Грего отлип от окна. Волосы у него были цвета перистого облака, и на жесткой копне играло солнце. Две имплантированные кибернетические радужки придавали его глазам инопланетный вид.
– Первая мировая война, – сказал он.
Из-за усилившегося акцента «в» звучало почти как «ф». Он глядел вниз на свой перевернутый стул, словно не знал, зачем он нужен.
Да Ся гибко поднялась на ноги. Поклонилась Грего, затем поставила на место стул. Грего сел и закрыл лицо руками.
– Все в порядке? – спросила Да Ся, как всегда балансируя на грани того, что нам было позволено.
– Да, žinoma. – Грего метнул взгляд за окно, чтобы еще раз посмотреть на облачко пыли. – Всего лишь привычный неминуемый рок.
Грего – сын одного из великих герцогов Балтийского альянса, и его страна, как и моя, находилась на пороге войны.
Только моя была к этому порогу поближе, чем его.
Возвращаясь на место, Да Ся положила мне руку на плечо. Ладонь легла легко, мимолетно, словно колибри опустилась на веточку. За Зи всадник не приедет – ее страна и не помышляла о войне, – так что ее прикосновение было бескорыстным подарком. Ладонь чуть задержалась и упорхнула.
Да Ся опустилась на свое место.
– В убийстве эрцгерцога есть своя горькая ирония, не правда ли? В том, что смерть одной малозначимой королевской особы привела к таким жертвам. Только представить себе, к мировой войне!
– Только представить себе, – повторила я.
Губы онемели и не слушались. На пыль я не смотрела. Никто не смотрел. Сбоку я слышала прерывистое дыхание Сиднея. Можно сказать, чувствовала его, как будто наши тела были прижаты друг к другу.
– Это война мировая, только если не считать Африку, – заявила Тэнди, наследница одного из великих тронов Африки, весьма щепетильно относящаяся к этому факту. – И Центральную Азию. И Южную Америку.
Мы, семеро, уже так долго были вместе, что в минуты большого напряжения могли вести разговоры, состоявшие из самых типичных наших фраз. Сейчас как раз такой разговор и шел.
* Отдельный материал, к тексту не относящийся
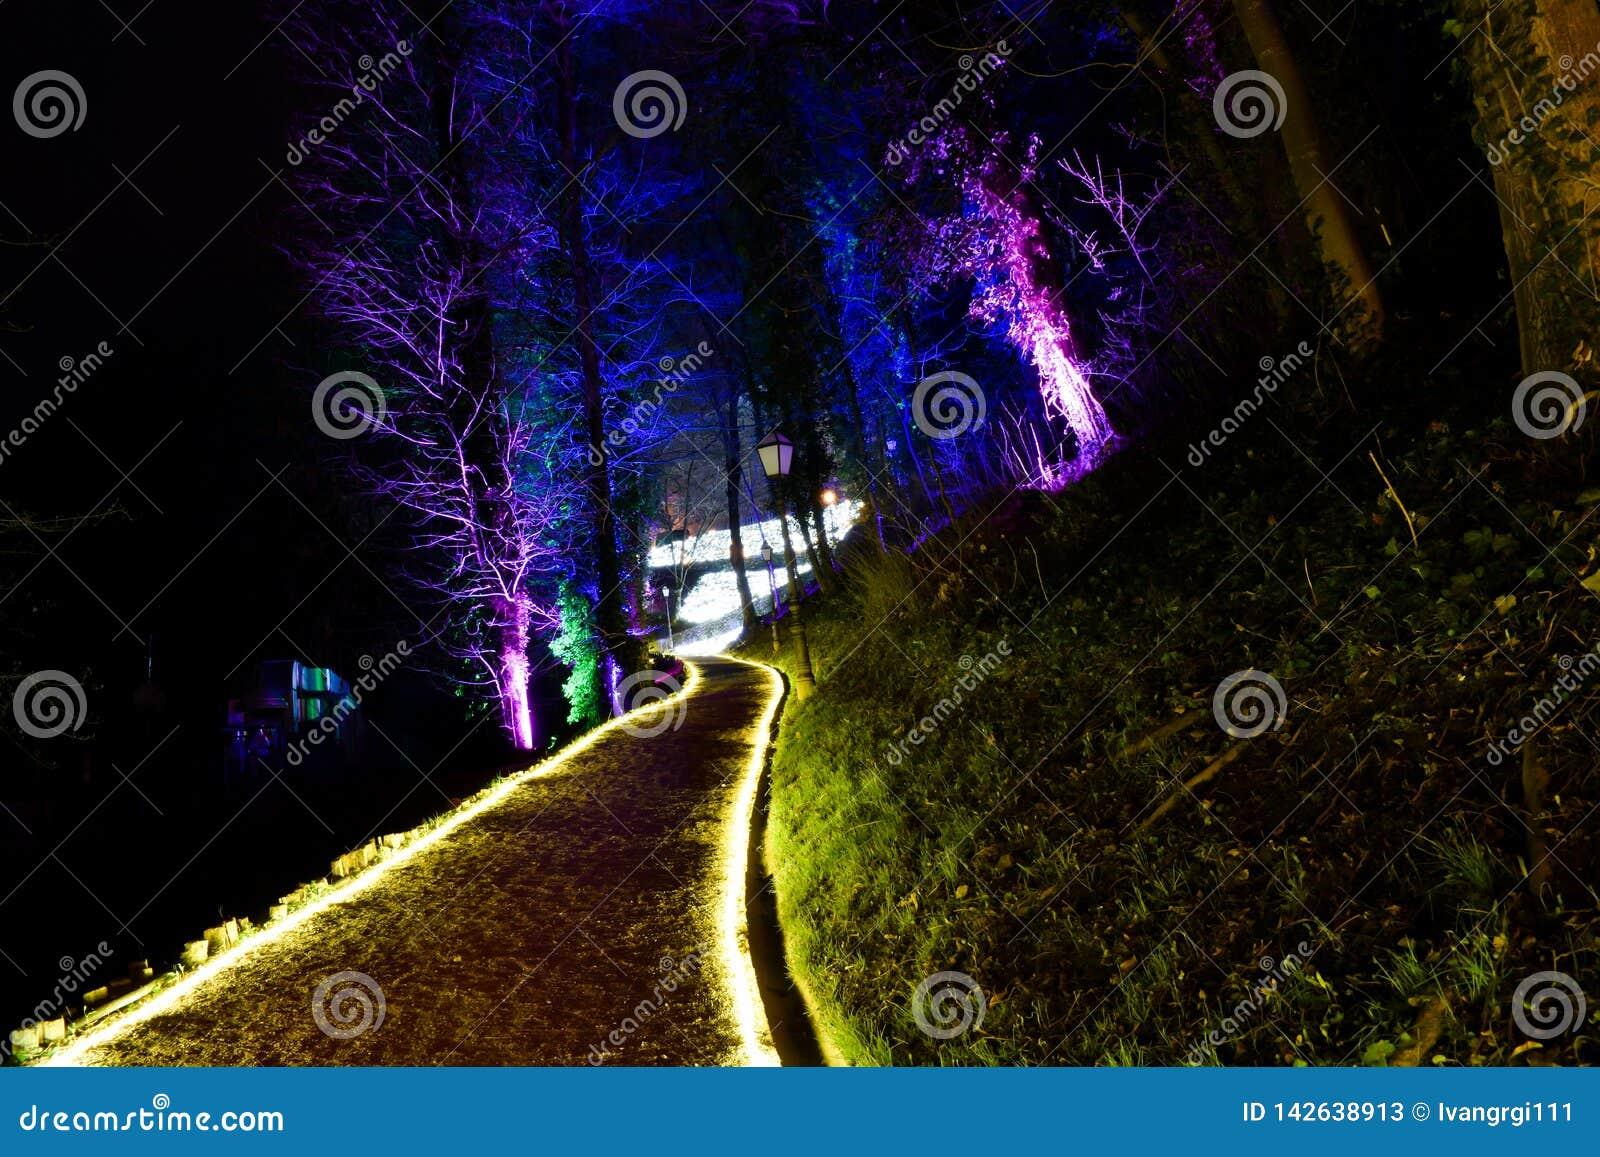 Parque iluminado em Zagreb, Croácia durante o festival de luzes
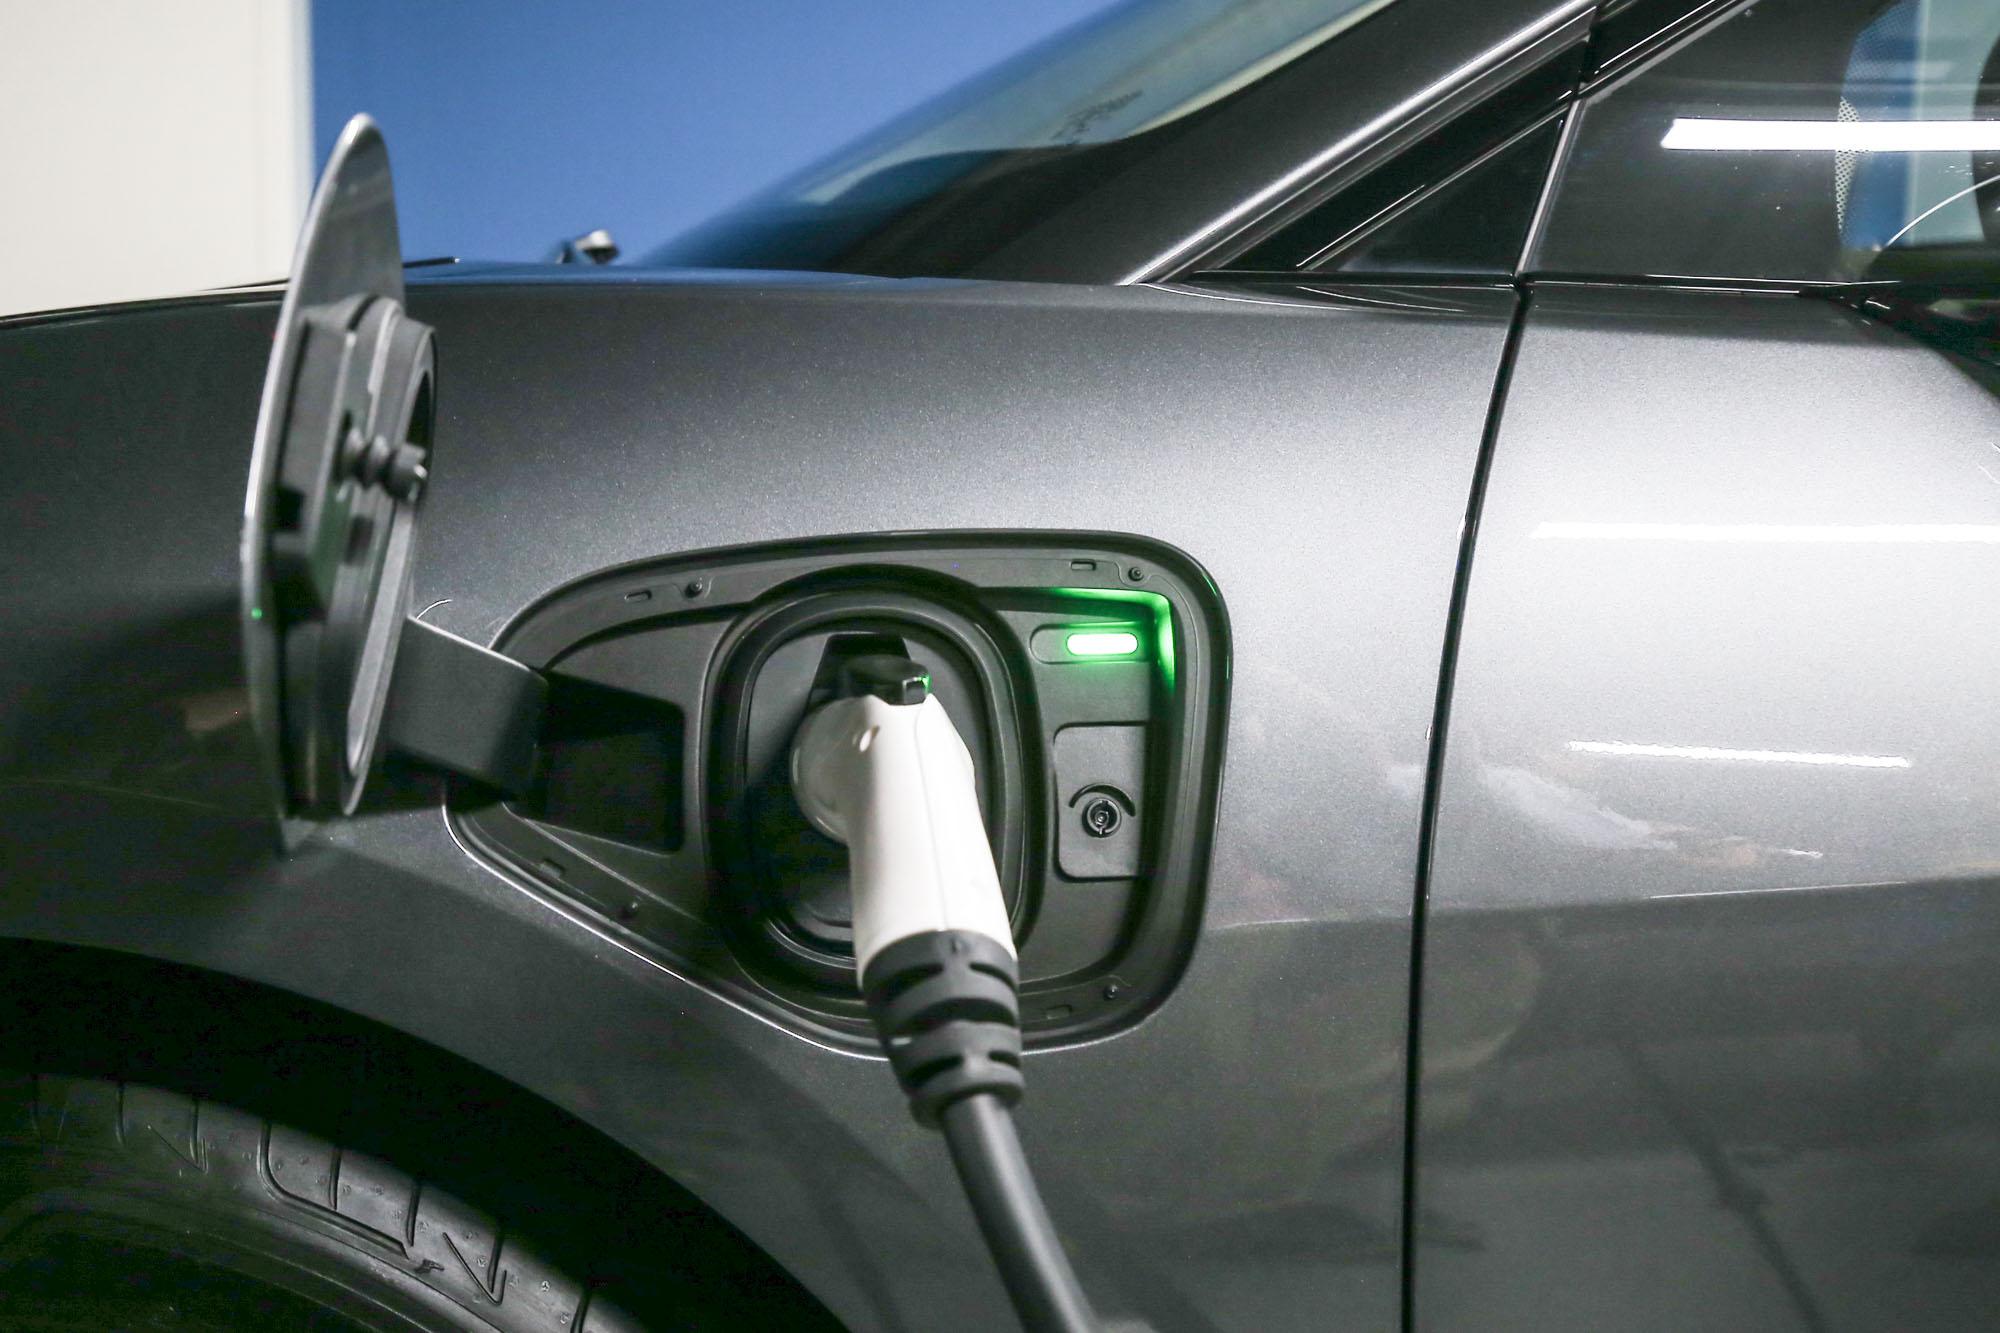 I-Pace 可以搭配專屬快充從 40 分鐘內從沒電充滿至八成電力,若使用一般家用壁掛式充電器,則需要 10 小時。

Сидней надтреснутым голосом сказал, что, начнись война между пингвинами и белыми медведями, Тэнди все равно объявит ее евроцентричной. Тэнди ответила что-то резкое, а Хан, у которого с юмором всегда было плохо, заметил, что пингвины и полярные медведи живут на разных континентах и, следовательно, никаких войн между ними не отмечалось.
Такими заранее заготовленными репликами мы обсуждали историю, как прилежные ученики, – и оставались на местах, как добросовестные заложники. Грего по-прежнему молчал, ероша побелевшей рукой еще более белые волосы. Маленький Хан смотрел на Грего словно в недоумении. Да Ся подобрала под себя ноги, сев в позу внешней безмятежности. Один Атта, который за два года не произнес ни слова, открыто смотрел в окно. Глаза у него были как у мертвой собаки.
Беседа в классе затухала. Сходила на нет.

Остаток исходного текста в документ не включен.